As Haitians’ land is being seized and their rights violated, foreign corporations are benefiting. At least 62 U.S. companies have their garments assembled in Haiti at great profit, including Gap, Old Navy, H&M, JCPenney, Zara and Walmart, which is the biggest customer of CIP’s largest employer, as well as Canadian corporation GILDAN, one of the largest importers from Haitian garment factories.
Foreign States Are Not Above the Law
To be sure, foreign investment is critical for Haiti’s development. But much existing investment has failed to achieve the economic growth it promises, and instead harms those whose lives it claims to improve. Nor does it comply with international law.

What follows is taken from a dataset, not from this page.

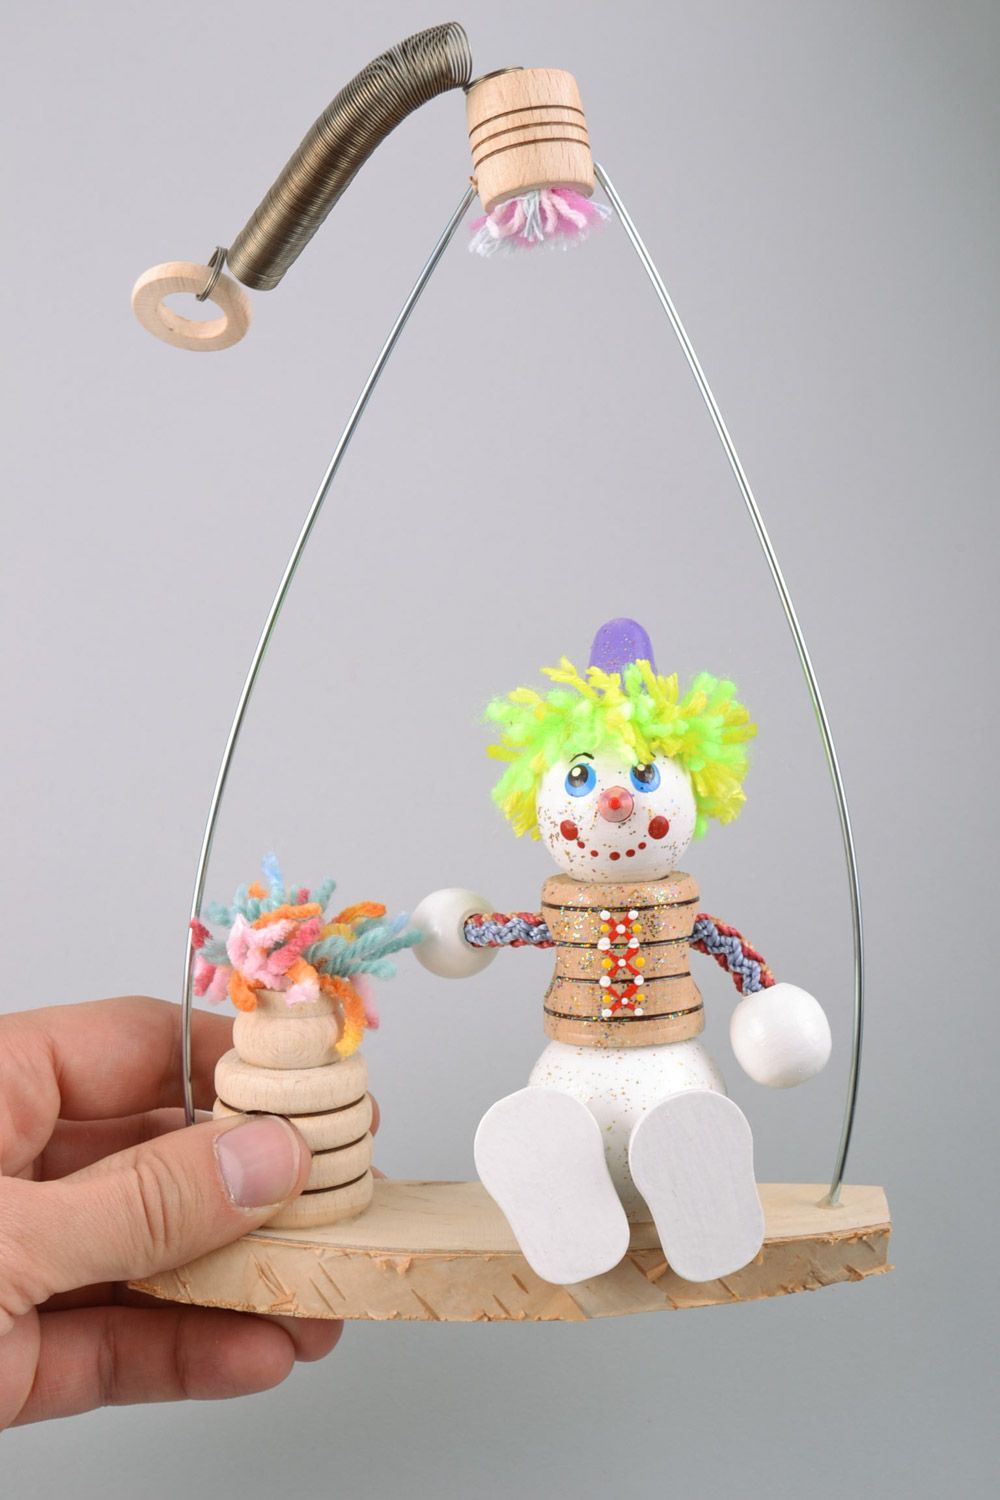 Деревянная игрушка расписанная красками в виде внеговика ручной работы фото 2

Foreign investment is subject to states’ international legal obligations. States – including the U.S. – have extraterritorial obligations that require them to respect and protect economic, social and cultural rights abroad and to take “joint and separate action” to achieve respect for, and observance of, universal human rights. The latter obligation is widely understood to confer on states, particularly those in the global north, a duty to ensure that international assistance is provided in accordance with global human rights principles.
Garment workers have several core international legal rights within this framework. These rights – enshrined within general anti-discrimination principles – include the right to a “fair wage” that allows workers “an adequate standard of living;” to form and join trade unions; to not be arbitrarily deprived of employment; and to a safe work environment. Finally, workers – and those displaced by factories – have the right to a healthy environment, and are guaranteed protections against forced evictions.

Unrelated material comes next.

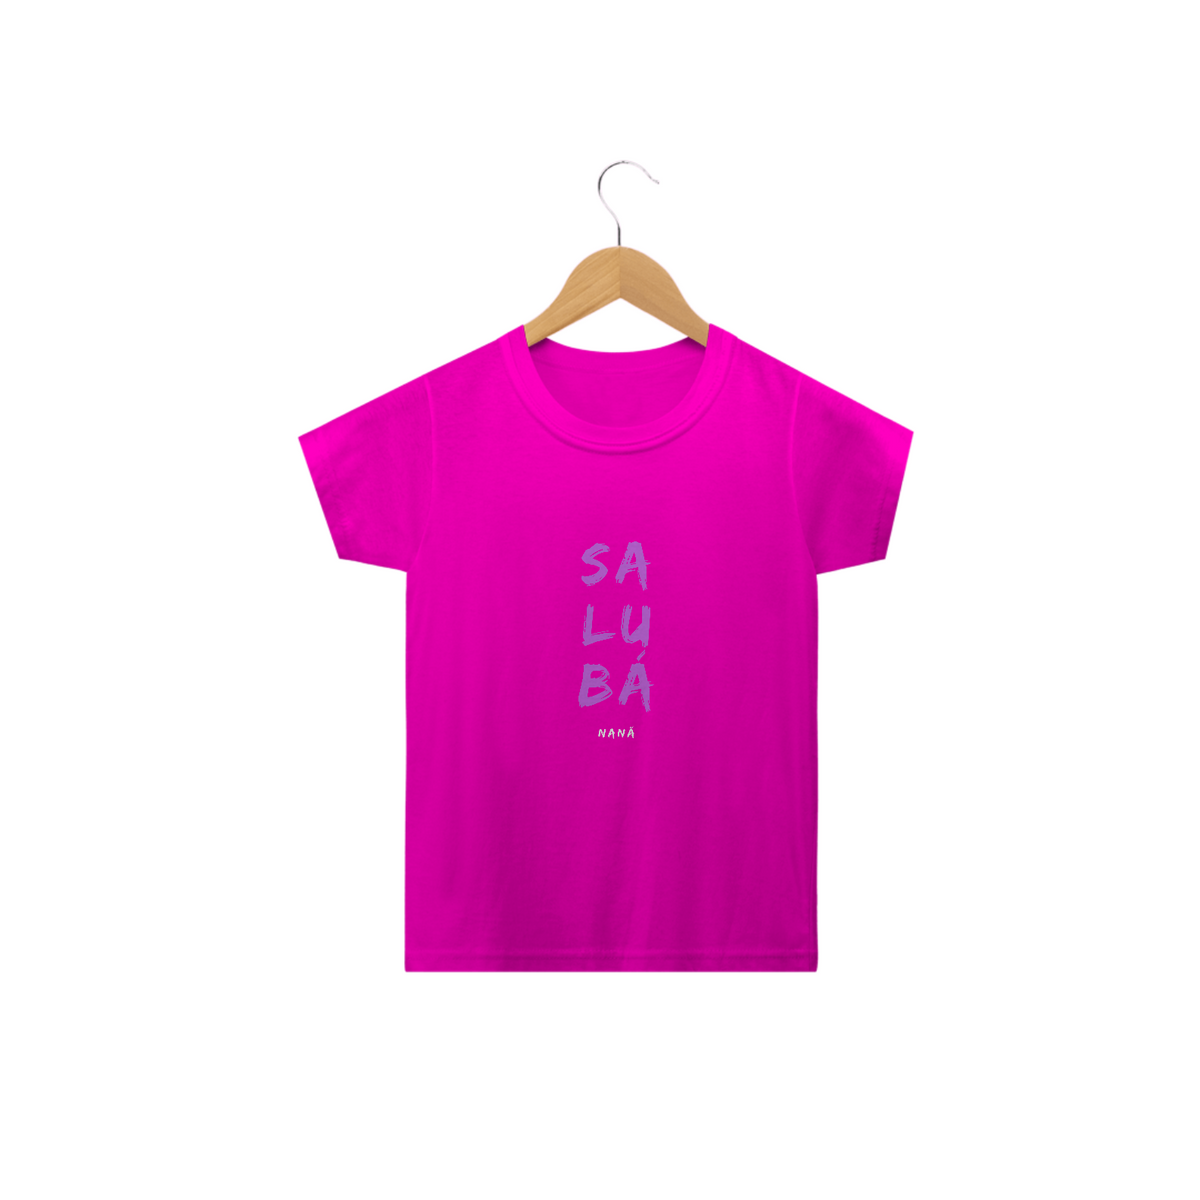 Nome do produto: Camiseta Infantil Nàná Saudação Sálùba Nàná Rosa 100% Algodão Fio 24.1, 145g costura simples e gola ribana

Foreign states have violated these obligations through direct interference – such as the U.S. government’s repeated efforts to block proposed minimum wage increases – and the decades-long imposition of economic reforms and trade agreements that allow foreign corporations to facilitate and benefit from workers’ rights abuses. Foreign corporations, enabled by foreign-imposed trade incentives, continue to buy apparel manufactured in factories – often themselves owned or operated by foreign companies – that have been shown again and again to not meet minimum international labour standards.

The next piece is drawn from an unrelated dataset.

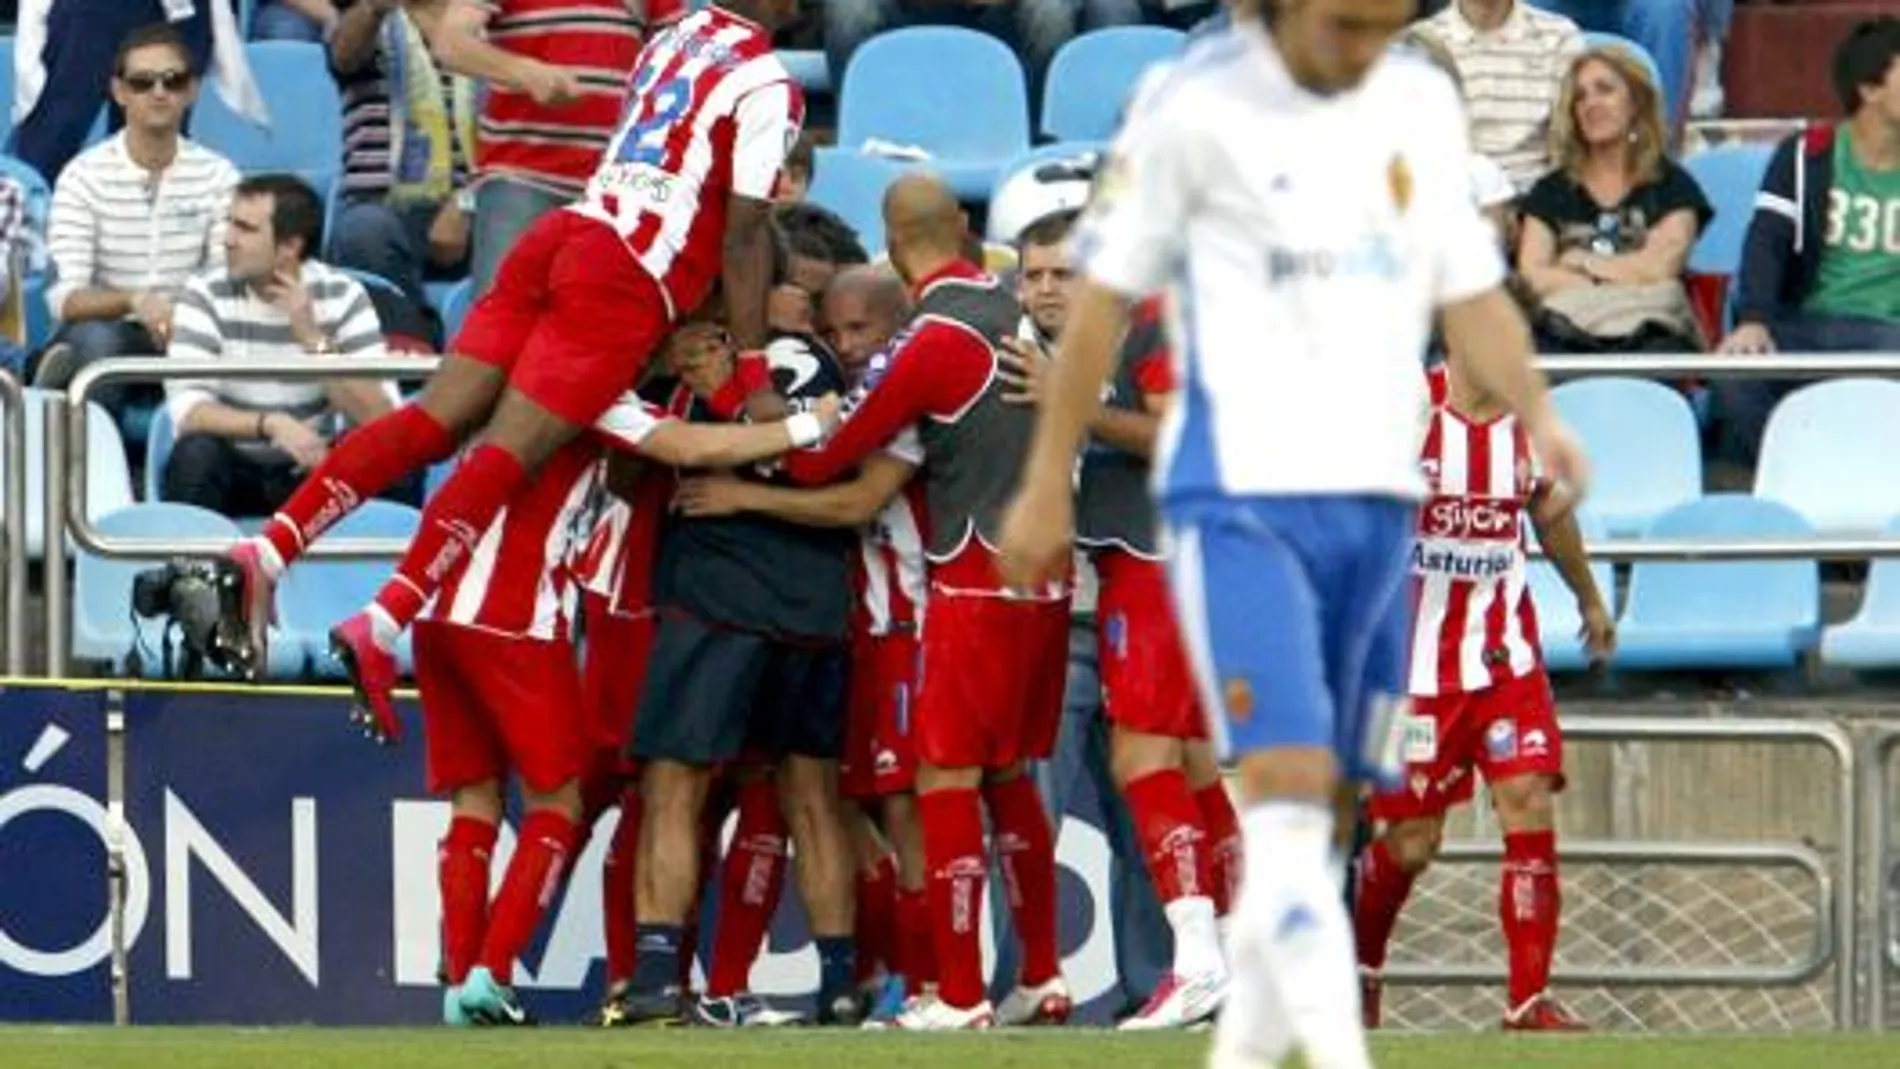 Los jugadores del Sporting de Gijón (al fondo) celebran su segundo gol, materializado por el delantero Diego Castro

But even where states acknowledge their own failures – as Bill Clinton did in 2010, noting the disastrous consequences of his administration’s economic policies on Haiti’s agricultural self-sufficiency – and in the face of garment workers’ recurrent demands for a living wage, no repercussions ensue. The lack of accountability for international actors – due in part to the barriers in enforcing these extraterritorial obligations – illustrates how they operate above the law. At the same time, foreign corporations remain largely unscathed and redress for victims is scarce. For example, there is no evidence that foreign companies who import Haitian garments from factories that violate workers’ rights have ever lost the benefits provided by U.S. trade agreements. Moreover, years after being displaced by CIP, farmers are still waiting for compensation.
Under the guise of development, foreign actors have pursued and benefited from the sweatshop environment that Haiti faces today, and in doing so fostered the continued exploitation of Haitian workers. These workers are not just protesting the symptoms of this environment – low wages and other rights violations – but the entire system of exploitation itself. In order to respect and protect Haitians’ human rights, foreign investment must reflect a Haitian-led, rights-based approach that is in line with international legal standards.